Consider a Django view that validates an identifier against a pattern before using it in a CockroachDB query:
import re
from django.http import HttpResponseBadRequest
def user_lookup(request):
username = request.GET.get('username', '')
# Dangerous: user input directly influences the regex
pattern = f'^{username}@example\\.com$'
if not re.match(pattern, 'test@example.com'):
return HttpResponseBadRequest('Invalid')
# Proceed to query CockroachDB via Django ORM
from myapp.models import User
users = User.objects.filter(email=username + '@example.com')
return HttpResponse('ok')An attacker can provide a username like (a+)*, causing the regex engine to backtrack heavily. This consumes significant CPU on the application server, leading to elevated latency or denial of service. CockroachDB itself is not directly exploited in this scenario, but the database query is only issued after the regex evaluation, so the service remains unresponsive for the duration of the malicious match attempt. The same risk applies when regex patterns are constructed from stored configuration or from fields retrieved from CockroachDB, such as dynamic allowlists or tenant-specific rules that are fetched and compiled at runtime.
Another common pattern involves using regex to validate or transform data before insertion into CockroachDB. If the regex is poorly crafted (e.g., using nested quantifiers like (a+)+ or ambiguous overlapping groups), an attacker can submit data that triggers exponential backtracking during validation. Because Django applications often perform validation both in forms and in model clean methods, multiple layers may apply the same vulnerable pattern. Even if CockroachDB stores normalized, well-typed data, the path to storage passes through these regex checks, creating a clear ReDoS surface.
Finally, logging and monitoring integrations can inadvertently amplify the issue. For instance, if a Django middleware applies a global regex to incoming paths or headers before forwarding to CockroachDB-backed business logic, an adversarial path can stall the entire request pipeline. The database driver’s connection handling may queue or retry, indirectly increasing resource pressure. Because the scan types offered by middleBrick include input validation checks, they can identify overly permissive or dangerous regex usage before it reaches production, helping teams detect ReDoS risks in Django code that interacts with CockroachDB.

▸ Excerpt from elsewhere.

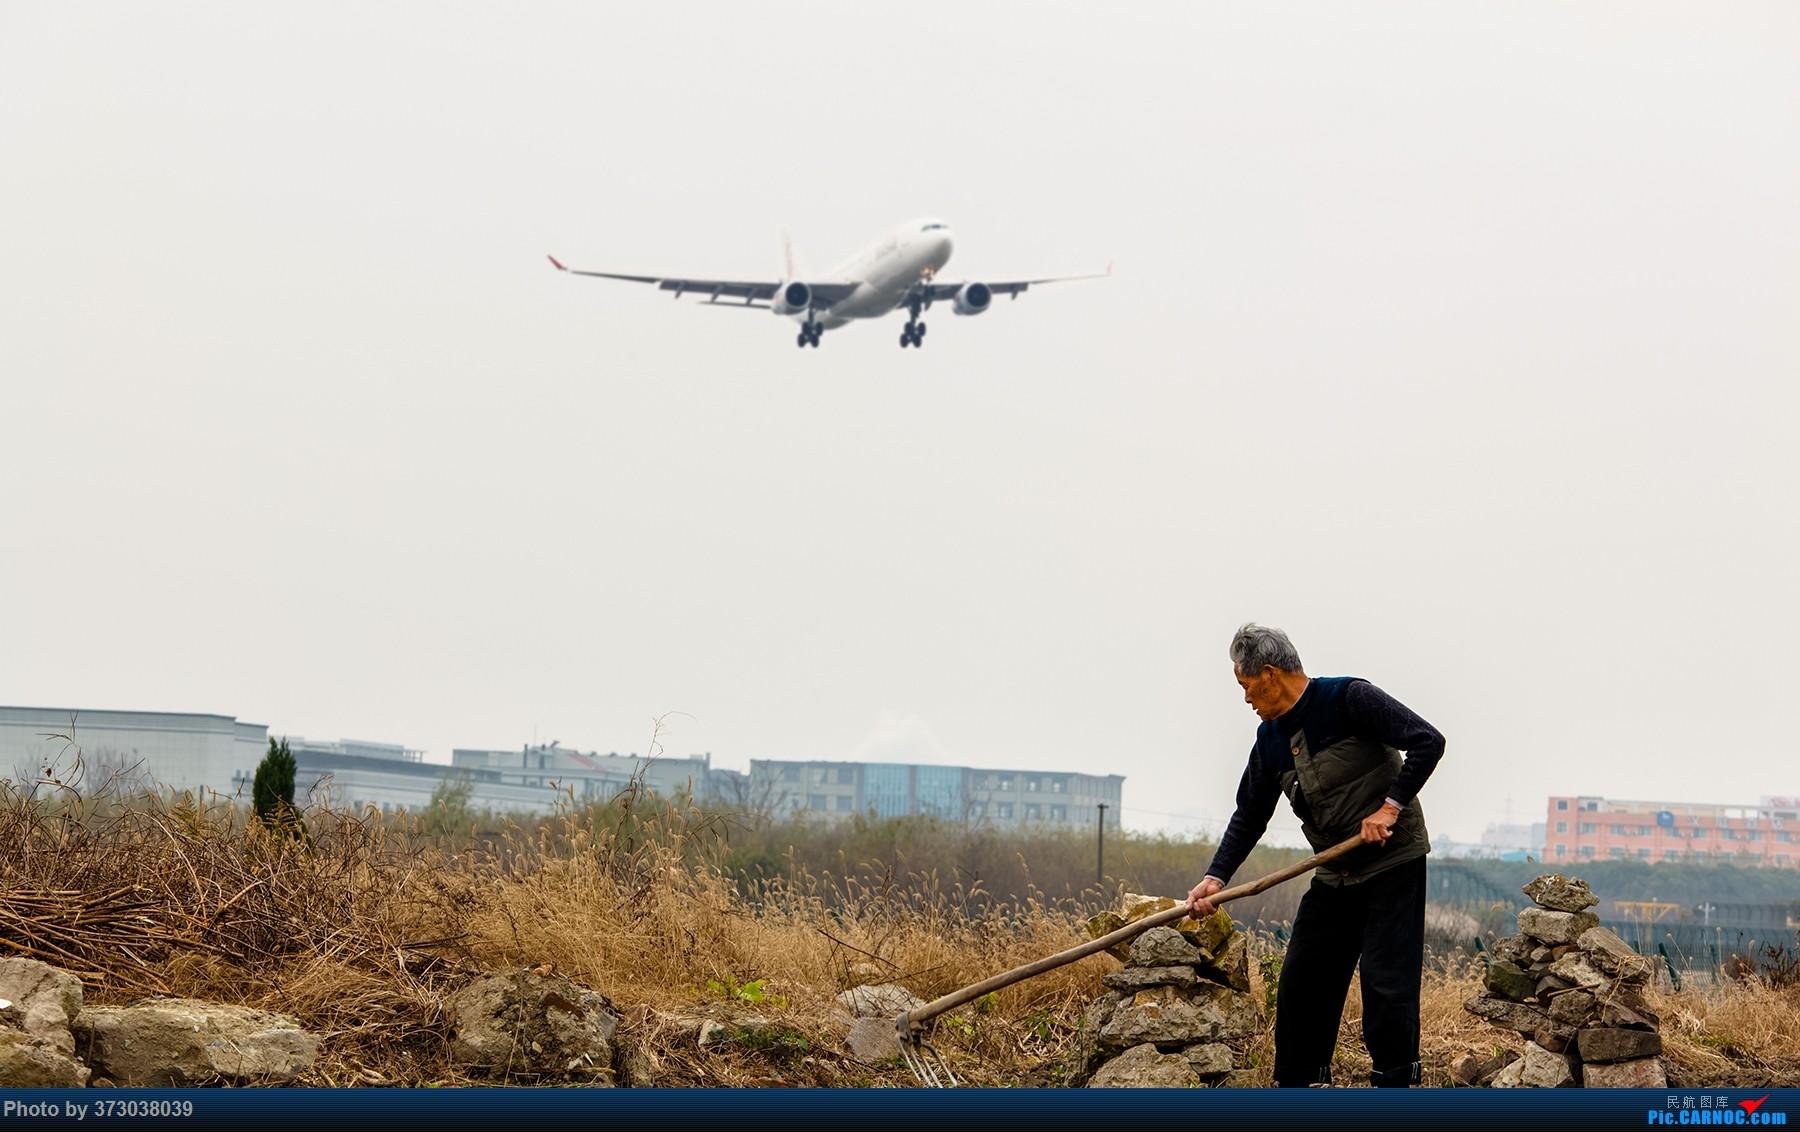 [原创]圣诞平安夜前 杭州萧山国际机场 三飞友随拍【杭州飞友会】     飞友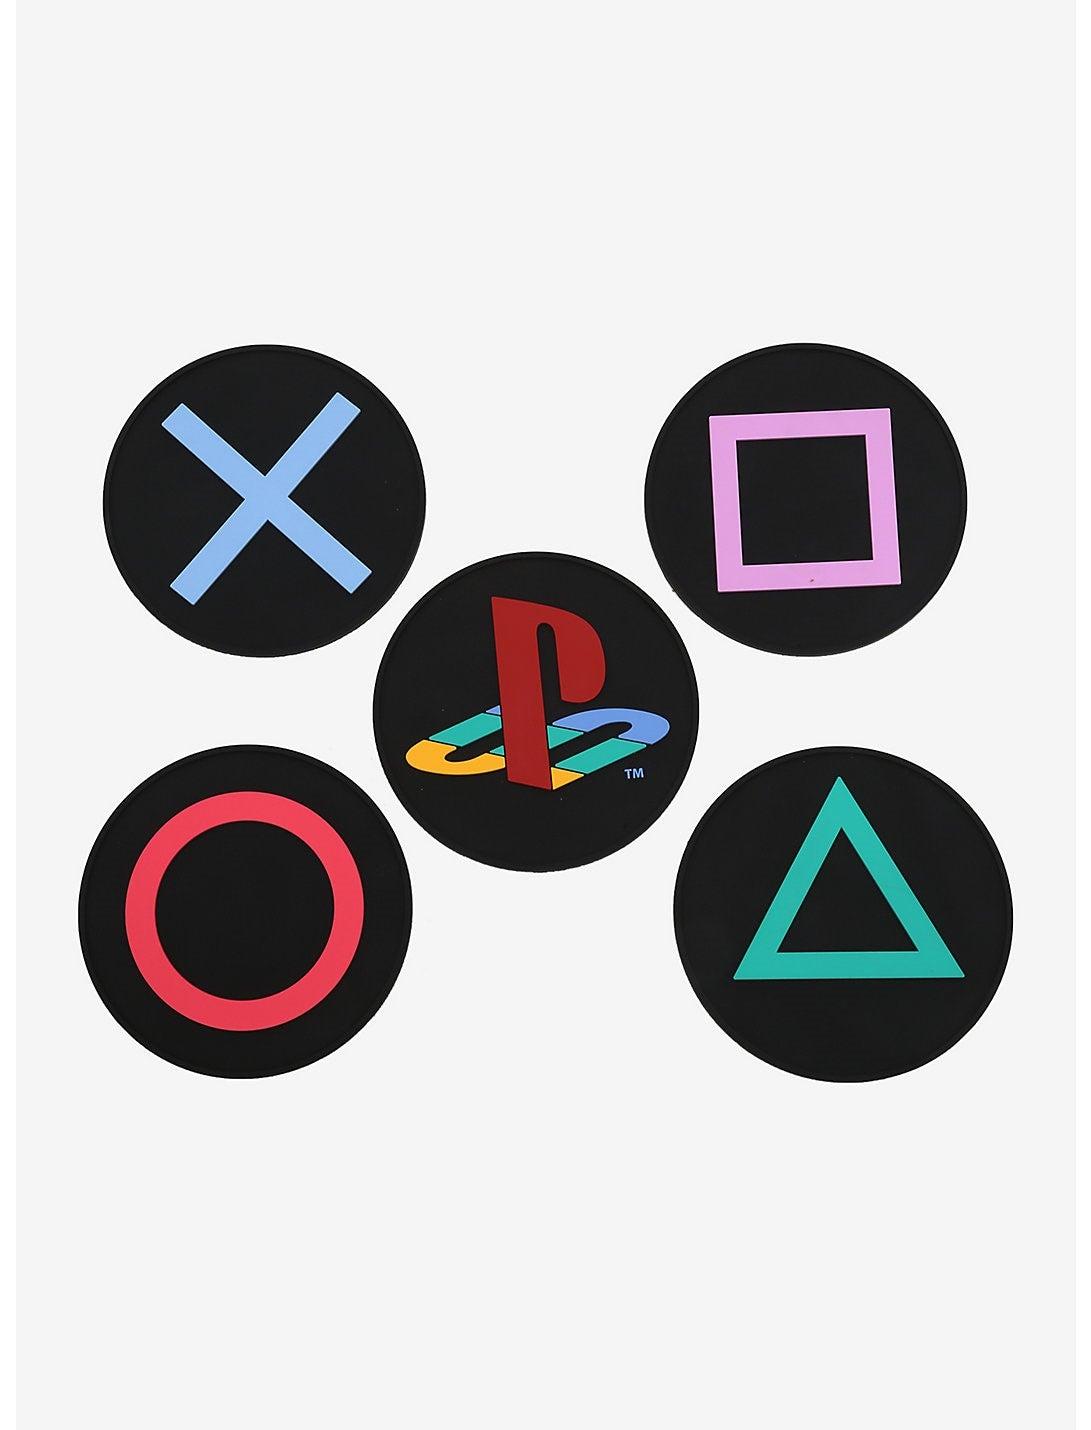 Sony-PlayStation-Coaster-set-with-Tin.jpg

Cockroachdb-Specific Remediation in Django — concrete code fixes
To mitigate Regex Dos in Django applications that use CockroachDB, focus on avoiding dynamic regex construction from untrusted input and using safe, linear-pattern validation. Prefer built-in Django validators and simple string operations where possible. When regex is necessary, ensure patterns use atomic groups, possessive quantifiers (where supported), and avoid nested quantifiers that lead to exponential backtracking.
First, replace dynamic regex construction with explicit, static patterns. Instead of interpolating user input into the regex, validate the structure with a fixed pattern and use parameterized queries for CockroachDB:
import re
from django.core.exceptions import ValidationError
from django.http import HttpResponseBadRequest
EMAIL_SUFFIX = re.compile(r'^[^@]+@example\\.com$', re.ASCII)
def validate_username_format(value):
if not EMAIL_SUFFIX.match(value):
raise ValidationError('Invalid username format')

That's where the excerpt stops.